To make the chutney:
Put the red peppers under a very hot grill (broiler) until blistered and well charred all over. Place in a plastic bag and leave until cool enough to handle, then peel, de-seed and cut into 1 cm / ½ in squares.
Heat the groundnut oil in a frying pan (skillet), put in the onion, and sweat until soft. Add the garlic and sweat for another minute. Add the diced peppers, chilli and sugar, and sweat for a further 2 minutes. Pour in the red wine vinegar and boil until reduced by half.

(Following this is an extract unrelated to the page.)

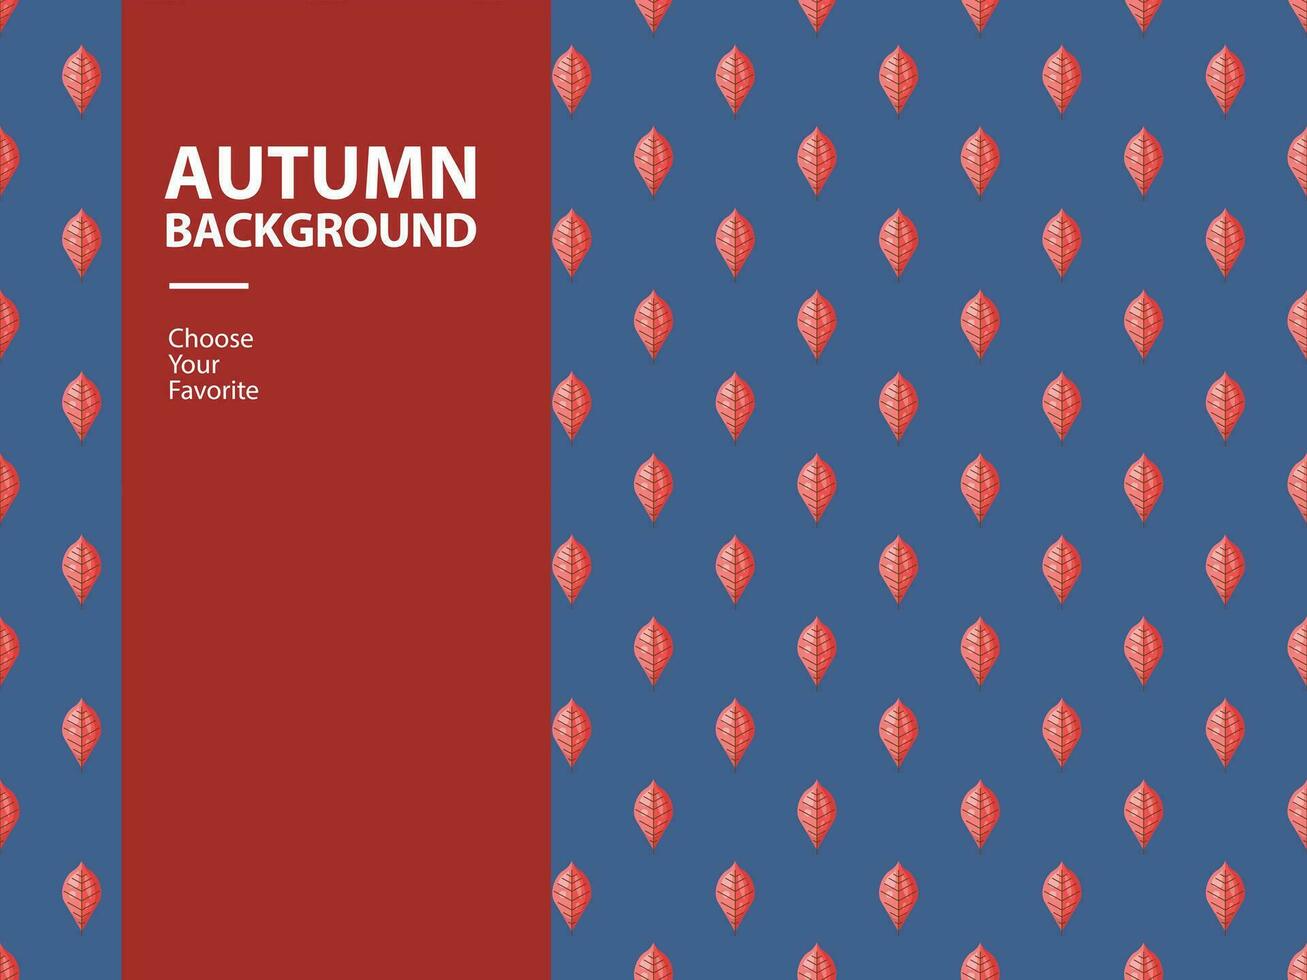 otoño vector fondo de pantalla modelo sin costura elemento floral fondo cosecha hoja tela arce Canadá

Stir in the chicken stock, reduce the heat and simmer until the chutney is very thick. Add the tomatoes and cook for 3 minutes, stirring frequently. Keep the chutney warm.
To cook the beef:
Heat the oven to 220 C / 425 F / Gas Mark 7. Heat the grill to hot. Season the beef ribs with salt and pepper. Turn them in the oil to coat, and cook under the hot grill for 2 minutes on each side. Place in the oven for 15 minutes. They will be medium rare. Adjust the cooking time down or up if you prefer your beef rare or well done. Leave to rest in a warm place for 15 minutes. Collect all the juices that have seeped out of the meat. Cut the beef across the grain into 1cm / ½ in slices. Melt the butter in a small pan, add the rosemary and heat gently until the butter is golden brown. Pour it over the beef. Add the meat juices to the chutney and serve with the beef.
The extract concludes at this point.